Working together for rural health

28 FEBRUARY 2012

Prospective health professionals have seen the value of teamwork in rural and remote Australia in a project led by CSU.

Prospective health professionals have seen the value of teamwork in rural and remote Australia in a project led by Charles Sturt University (CSU).
 
Students aiming to become dietitians, doctors, nurses, occupational therapists, pharmacists, and podiatrists in central and southern NSW last year took part in The Right Start training program, funded by the the Clinical Education and Training Institute (CETI). 
 
The Right Start program was developed and trialled by Charles Sturt University and its partners sought to make health students ready to work in rural and regional environments and retain them in rural areas, while also meeting the needs of local communities,” said program team leader Dr Megan Smith from CSU’s School of Community Health.
 
“The program highlighted the different ways rural health workers need to work in regional areas.”
 
The pilot program, which ran in late 2011 and included staff and final year students from CSU, Western and Murrumbidgee Local health Districts and the University of NSW, consisted of two teams of eight students located around southern and central NSW. CETI funded the program to give new graduates the ‘right start’ to work in the NSW public health system.

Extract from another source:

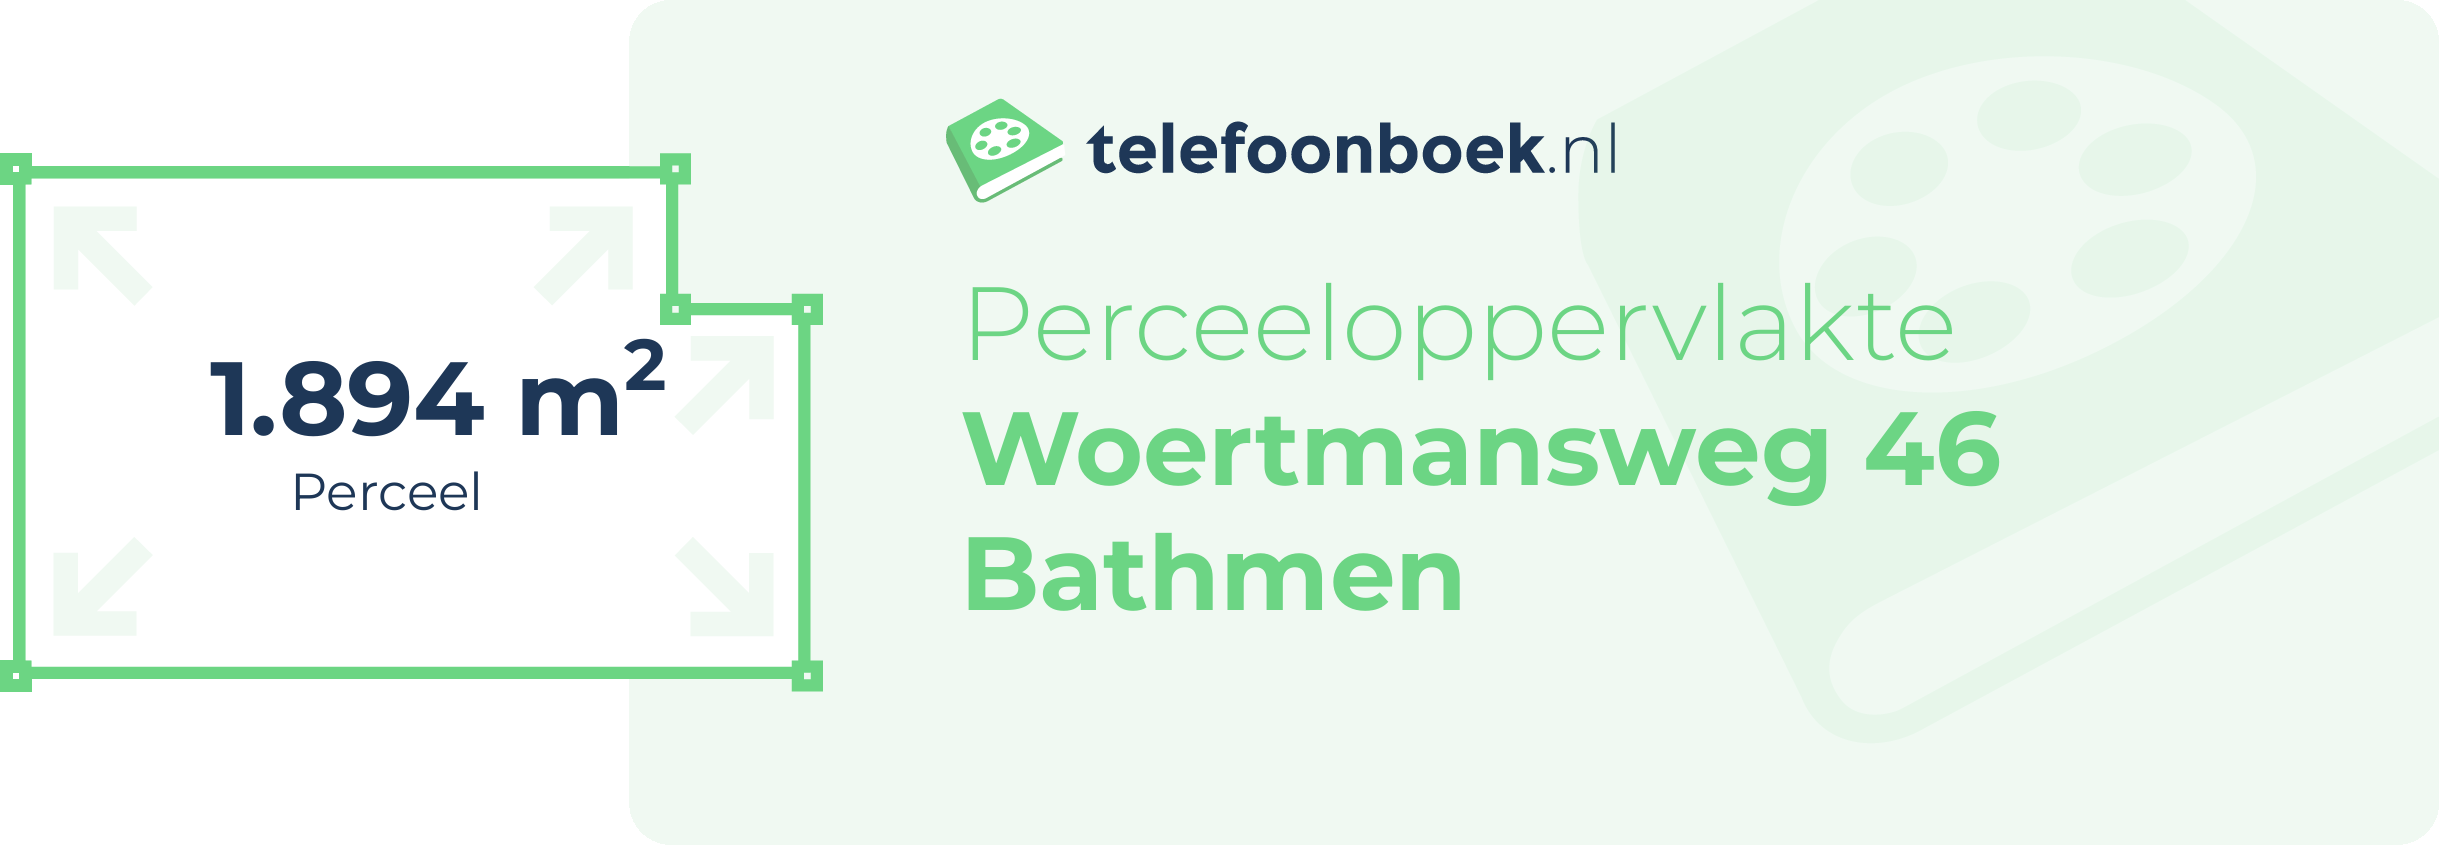 Perceeloppervlakte Woertmansweg 46 Bathmen

NSW patients perceived that how well doctors and nurses work together was the most important factor for patient care in NSW public hospitals.
 
Dr Smith said health professionals needed different skills to work in regional areas compared to cities.
 
“When you work in a rural environment, you may be the only professional there in your discipline, so you need to work out what networks you can tap into as you don’t have as many people around you as you do in cities. You need to work out how to do that.
 
“You also live with the people you treat and work with, so you are surrounded by your work. The people you play football with, you see them in the supermarket, and you have to work out how you are going to manage those things and have a life outside of work.
 
“You don’t necessarily learn this at university, so this program is an important step into transitioning into rural practice.”
 
Research on the project will continue in the first half of 2012 to assess the effectiveness of the program.